The aim was an innovative model that featured small-group Hebrew classes and a Sunday program for pre-K to grade 10. At the time, the religious school leadership team of Rabbi Sarah Mack, Joie Magnone and Rachel Mersky Woda told The Voice that they wanted a communal, accessible, joyful community. And they wanted to be sensitive to the needs of today’s busy families.

The new curriculum, written by Mack, Magnone and Mersky Woda, with input from an advisory group of congregants, parents and educators, has been a huge success, according to leadership and parents.

“We feel strongly that people should feel good about being here,” said Mersky Woda. Parents tell her, she said, that they “no longer have to fight with [their] child to be here.”
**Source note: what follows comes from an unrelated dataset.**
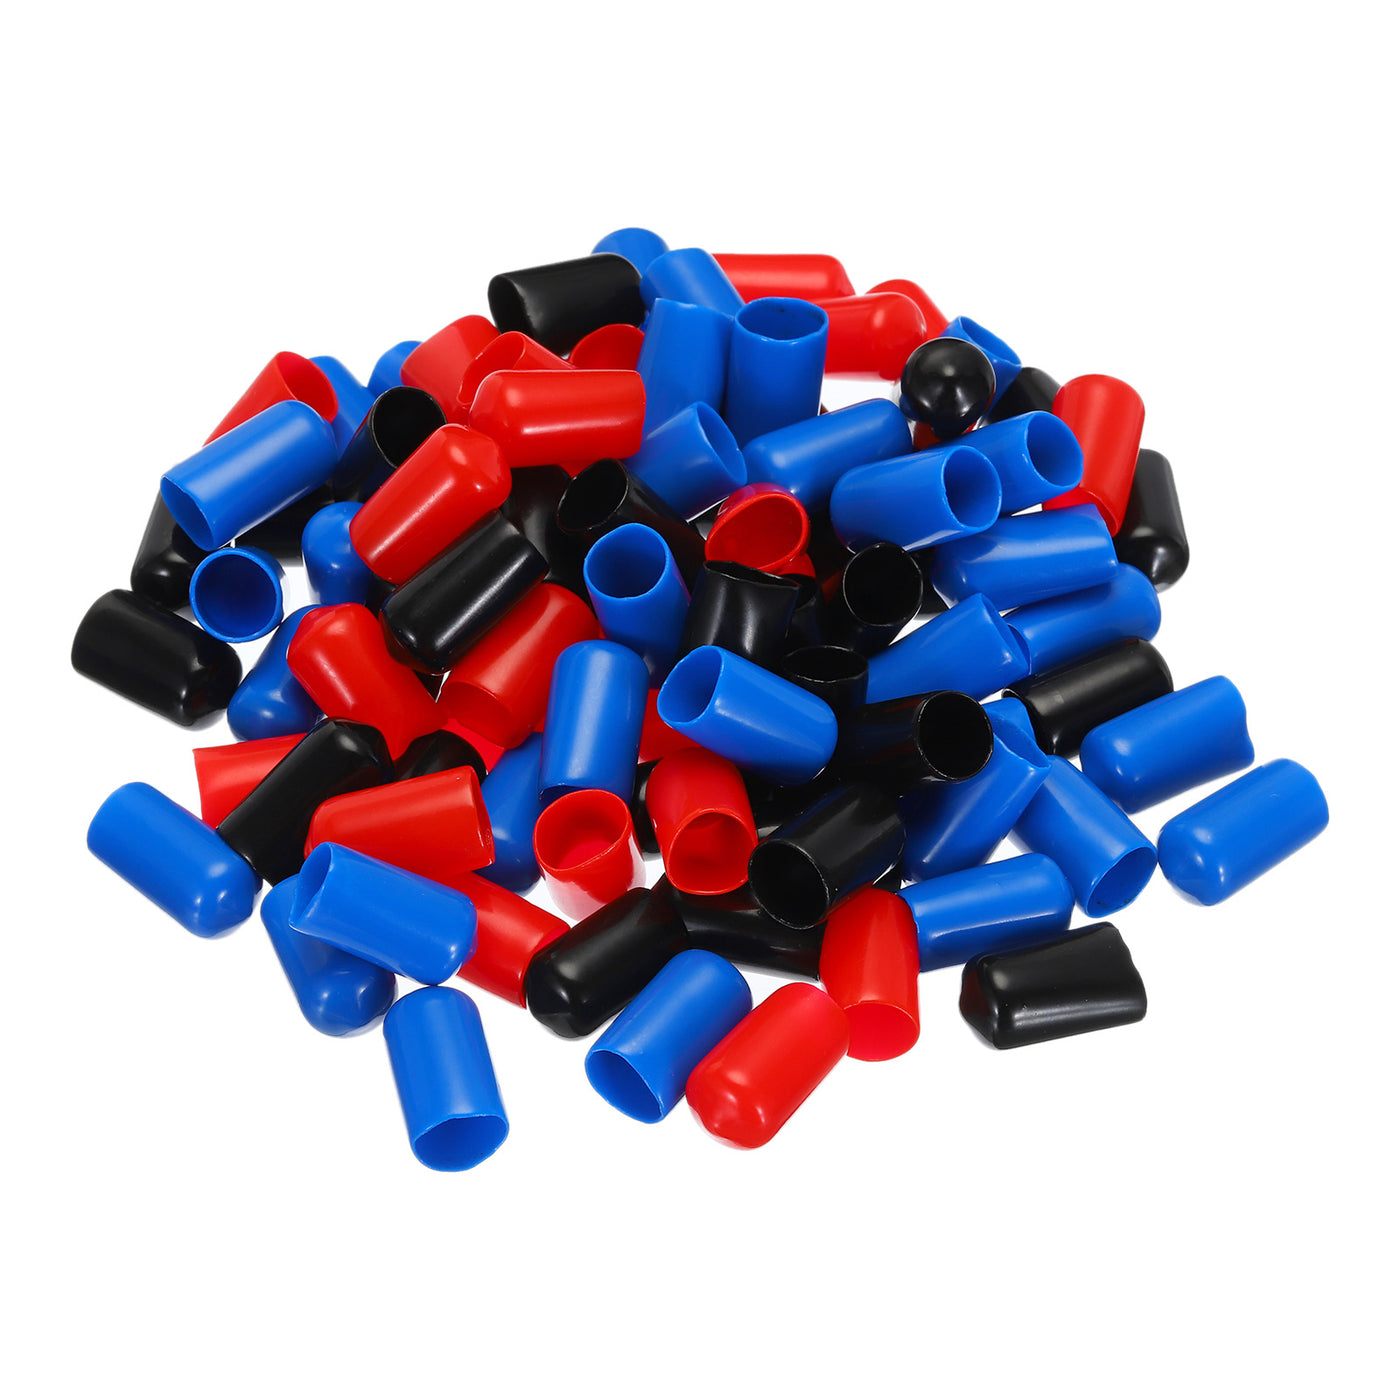 uxcell Uxcell 90pcs Rubber End Caps 11mm ID Vinyl PVC Round Tube Bolt Cap Cover Screw Thread Protectors, Black Red Blue

The key is to be flexible and work around the needs of the family and the child, not the other way around, she said. That means activities like all-school Shabbat dinners are included in tuition and students come as they are, at the time they can – and if they are in shin guards, that’s ok.

Enrollment is up. And it’s clear that the team of Mersky Woda and Mangione is working well:  In a recent interview, they completed each other’s sentences as they talked about what’s in store for the coming year.

Last year, Magnone said they hoped that the children would leave with a love of Judaism. This summer, she said she visited Camp JORI, in Wakefield, where many area children spend a few weeks.

“A student came running up to me,” she said. “He told me, ‘I can’t wait for Hebrew School to begin again!’ ”

Magnone and Mersky Woda say they are also excited about the upcoming school year, when the emphasis will be on teaching many different aspects of Judaism – a breadth of knowledge.  There will also be more of an emphasis on learning at each age-appropriate level – so a study of a holiday, for example, won’t be the same for the whole school.  And there will be a continued emphasis on project-based learning.

“We are really excited about the process of learning,” says Magnone.

Magnone and Mersky Woda say this progressive approach to education is “the only way we’ll see the next generation of Jews know what it means to be Jewish.”